The companies claimed they were not aware that the vessel was used in violation of the Customs Ordinance. They also disputed the seizure of their assets, which they said was arbitrary and unjust.

They said that they suffered damages as a result. Their activities were brought to a halt, costing them loss of income, damage to their goodwill and considerable financial loss.

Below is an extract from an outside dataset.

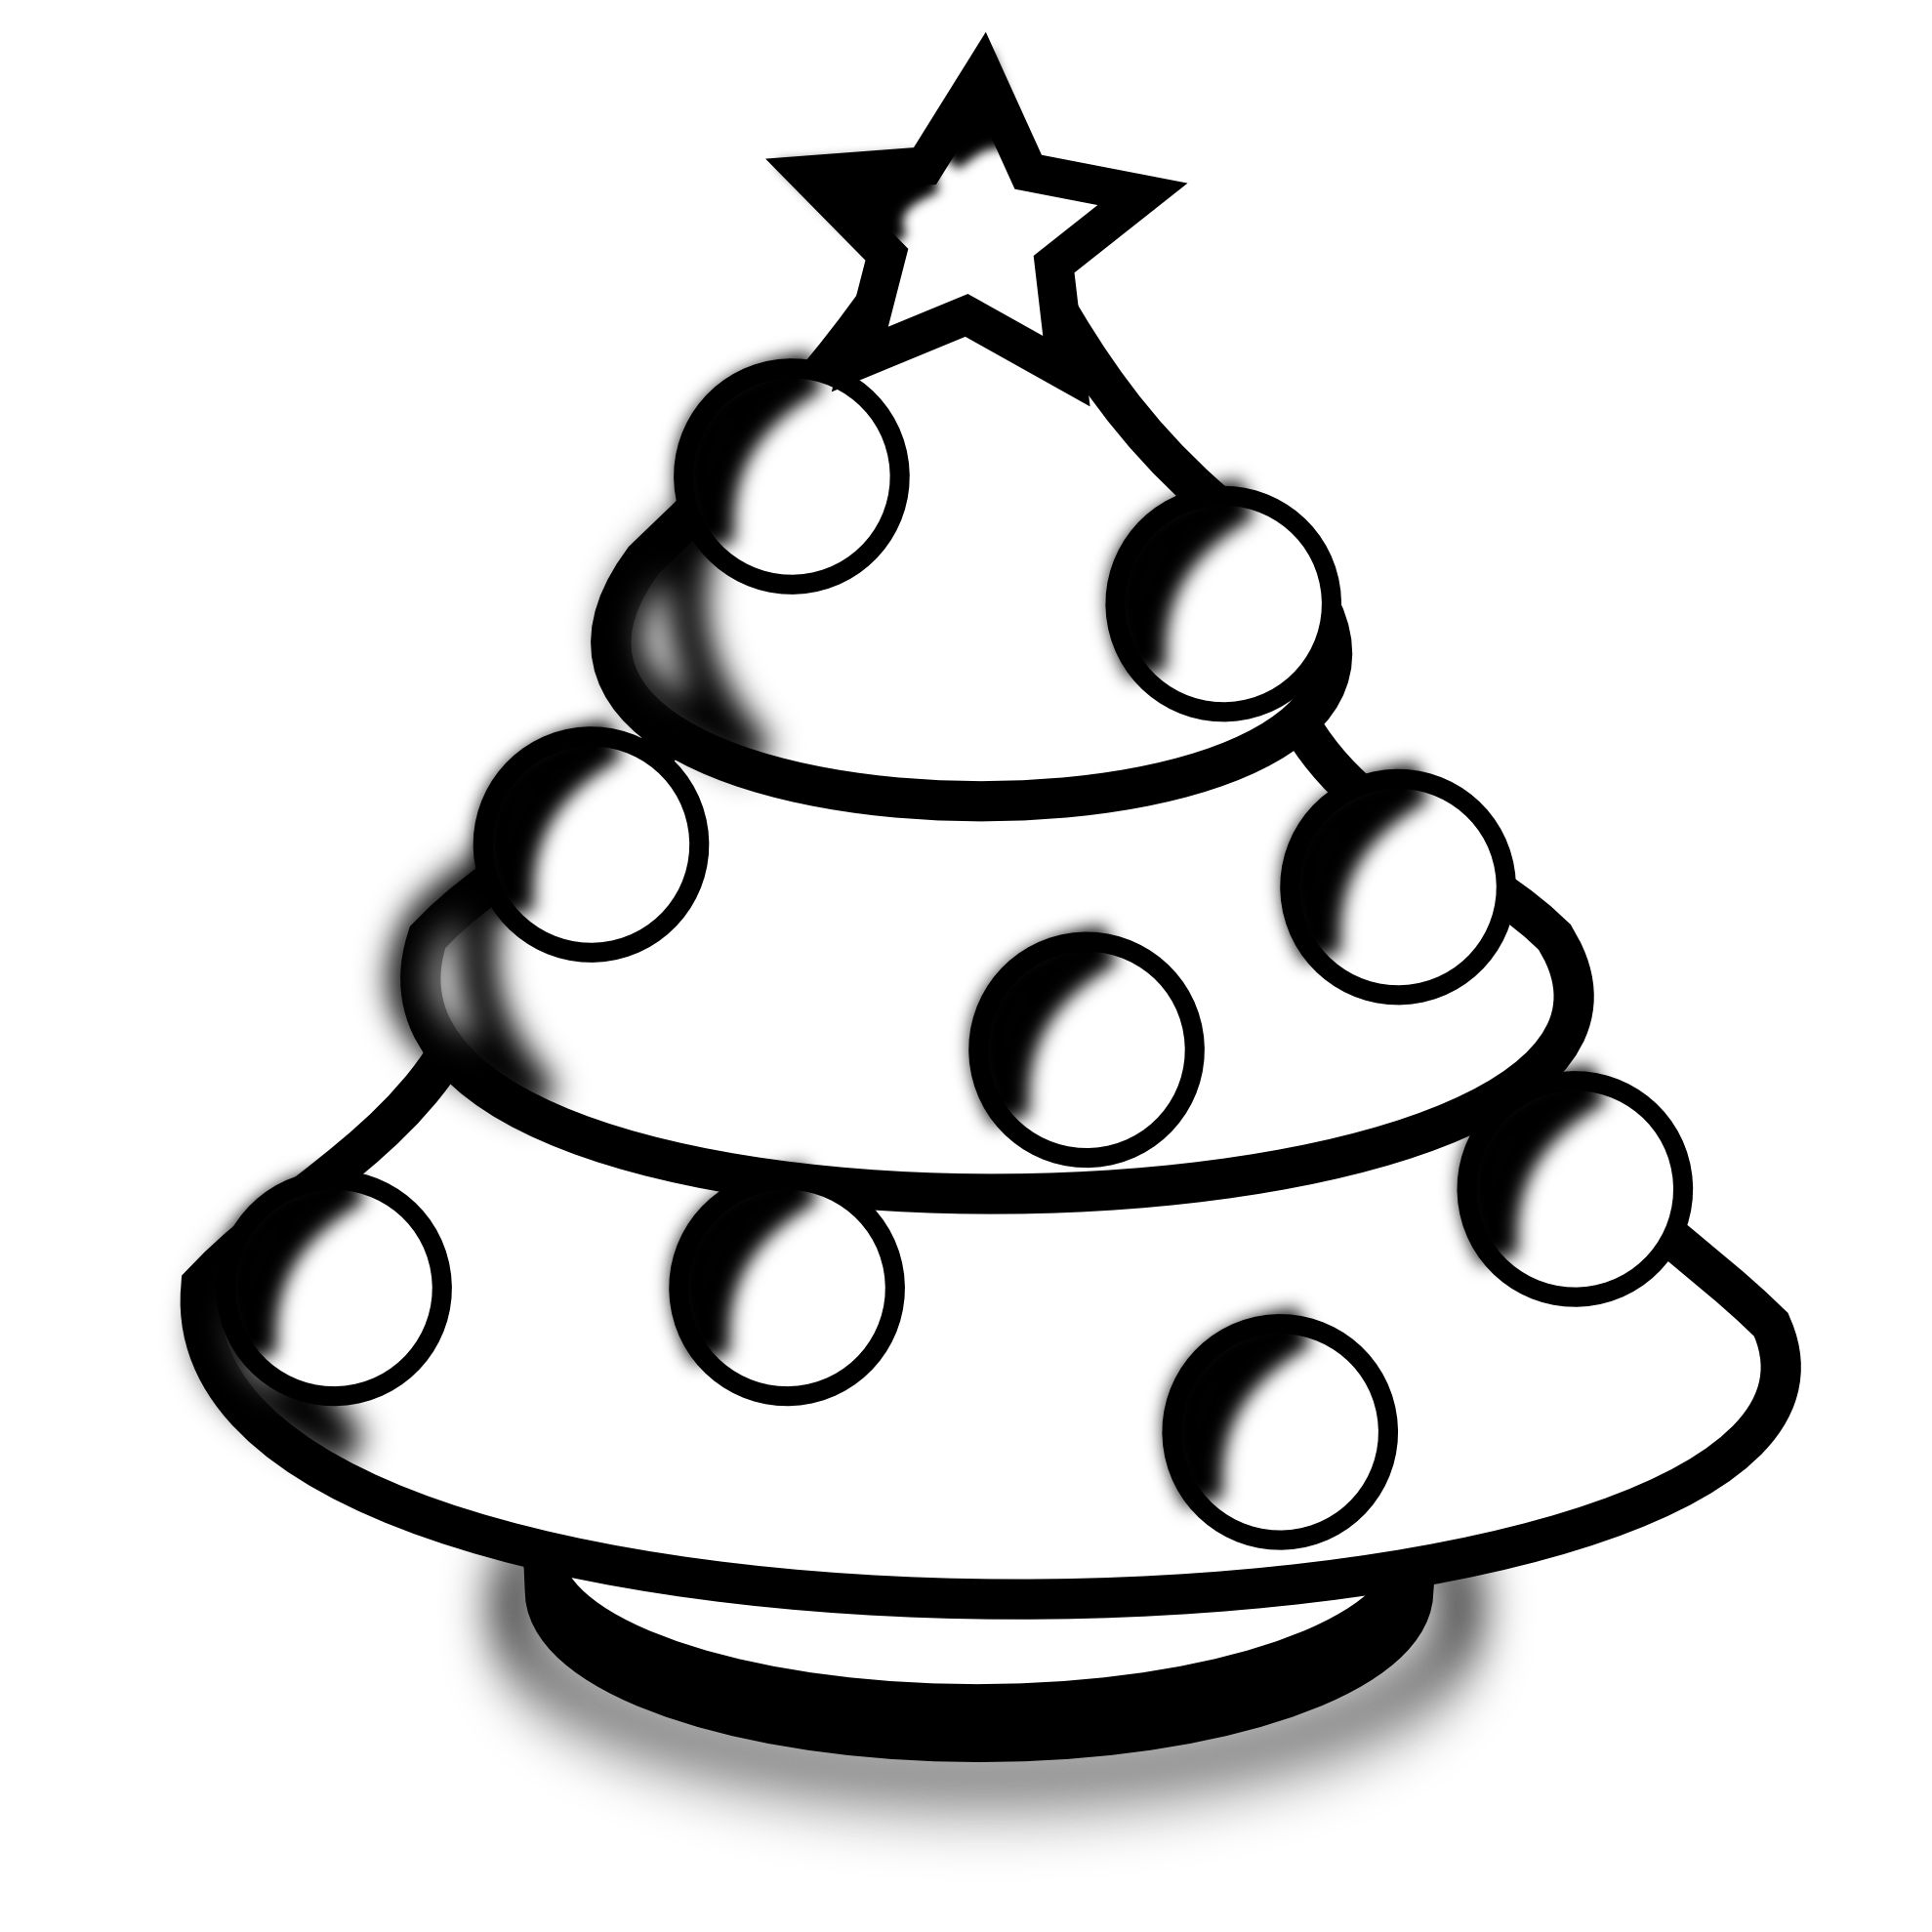 Free Black And White Christmas Wallpaper, Download Free Clip Art, Free Clip Art on Clipart Library

Faced with this situation, the companies proceeded to file legal proceedings, requesting the court:

• To declare that the warrant of seizure no. 18/2008 and 19/2008 was issued unfairly, in an arbitrary way and without justification and should be revoked;

• To order that the Comptroller of Customs released all objects in his possession which belonged to the companies and order the release of the vessel and its fuel;

• To declare the Comptroller responsible for all damages suffered by the companies; and

• To liquidate the damage and to condemn the Comptroller to pay the damages, so liquidated.

The Comptroller of Customs, in reply, submitted that the vessel was arrested after a quantity of contraband cigarettes was found, in breach of the Customs Ordinance Chapter 37.

The Comptroller contested the companies’ pleas to be held responsible for damages. In addition, it was stated that the provisions of article 469A of Chapter 12 should apply. According to this article, the Comptroller could not be held liable for damages unless the court declared that he acted in mala fede.

On March 14, 2011, the First Hall of the Civil Court declared that the merits of this case were exhausted in view of the decision of the Court of Criminal Appeal, as regards the vessel and its cargo of fuel – re the decision of the Court of Criminal Appeal dated February 12, 2009, in ‘Police v Murman Tsiteladze’.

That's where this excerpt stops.